* [Given entries]
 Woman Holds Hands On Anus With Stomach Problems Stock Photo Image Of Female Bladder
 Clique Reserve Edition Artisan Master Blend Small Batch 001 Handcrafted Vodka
---
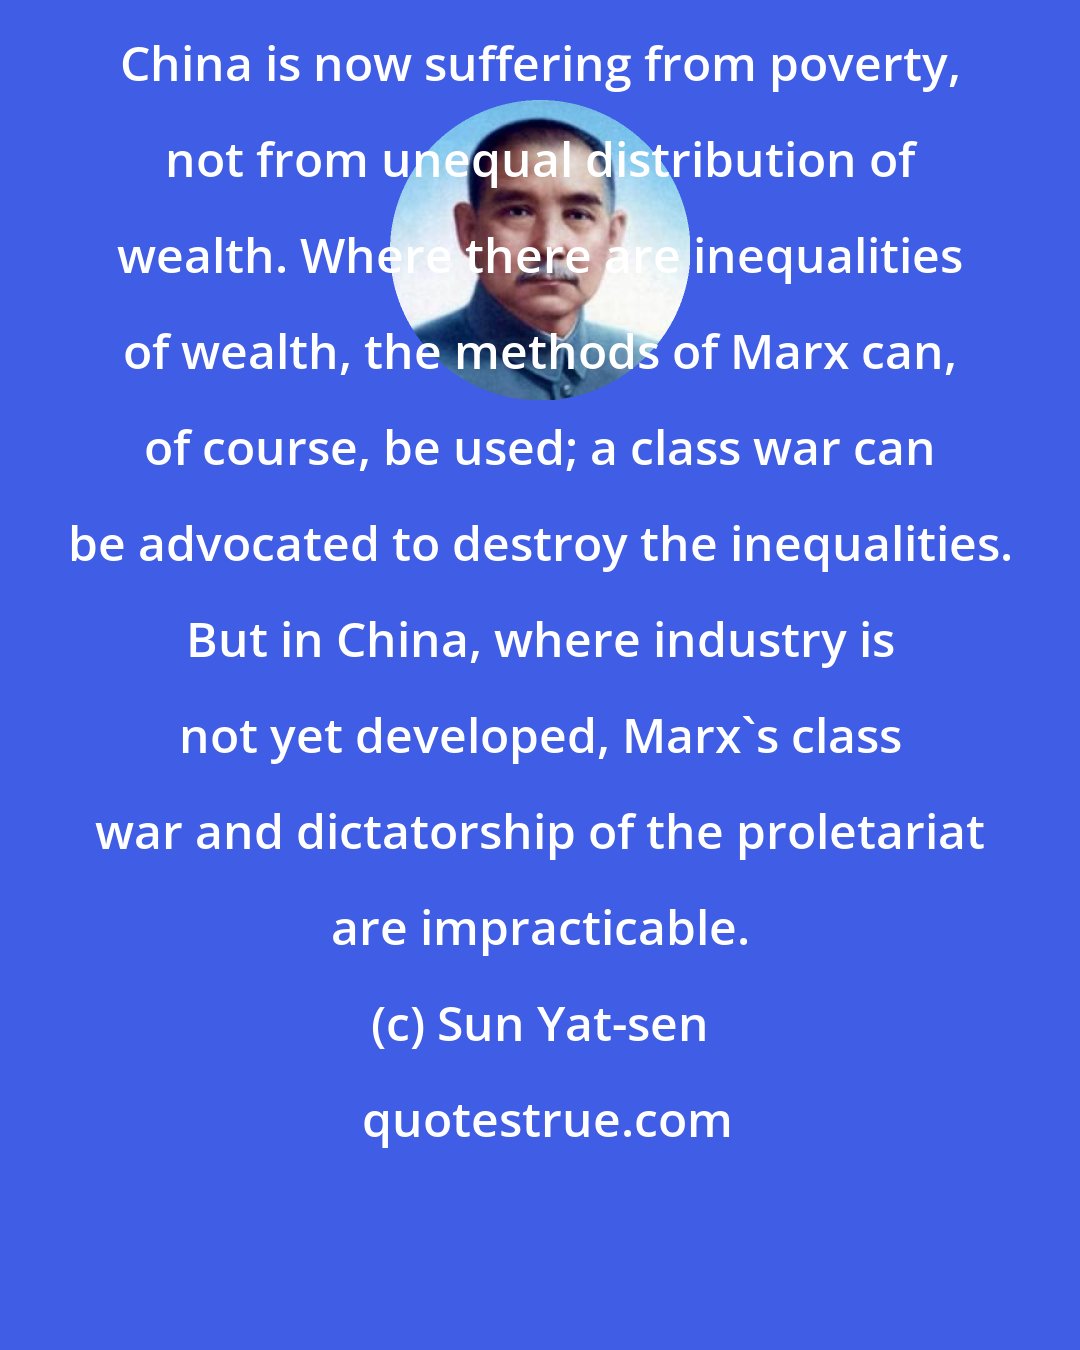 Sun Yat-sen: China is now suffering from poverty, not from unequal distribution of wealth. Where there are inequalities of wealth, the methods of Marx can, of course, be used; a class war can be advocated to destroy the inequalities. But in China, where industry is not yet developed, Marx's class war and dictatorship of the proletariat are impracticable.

* [What the task requires] When the line with "Woman Holds Hands" is reached in the data above, start copying there, and copy each line exactly until the line with "Clique Reserve Edition" has been copied; copy nothing else.

* [Problem solution]
 Woman Holds Hands On Anus With Stomach Problems Stock Photo Image Of Female Bladder
 Clique Reserve Edition Artisan Master Blend Small Batch 001 Handcrafted Vodka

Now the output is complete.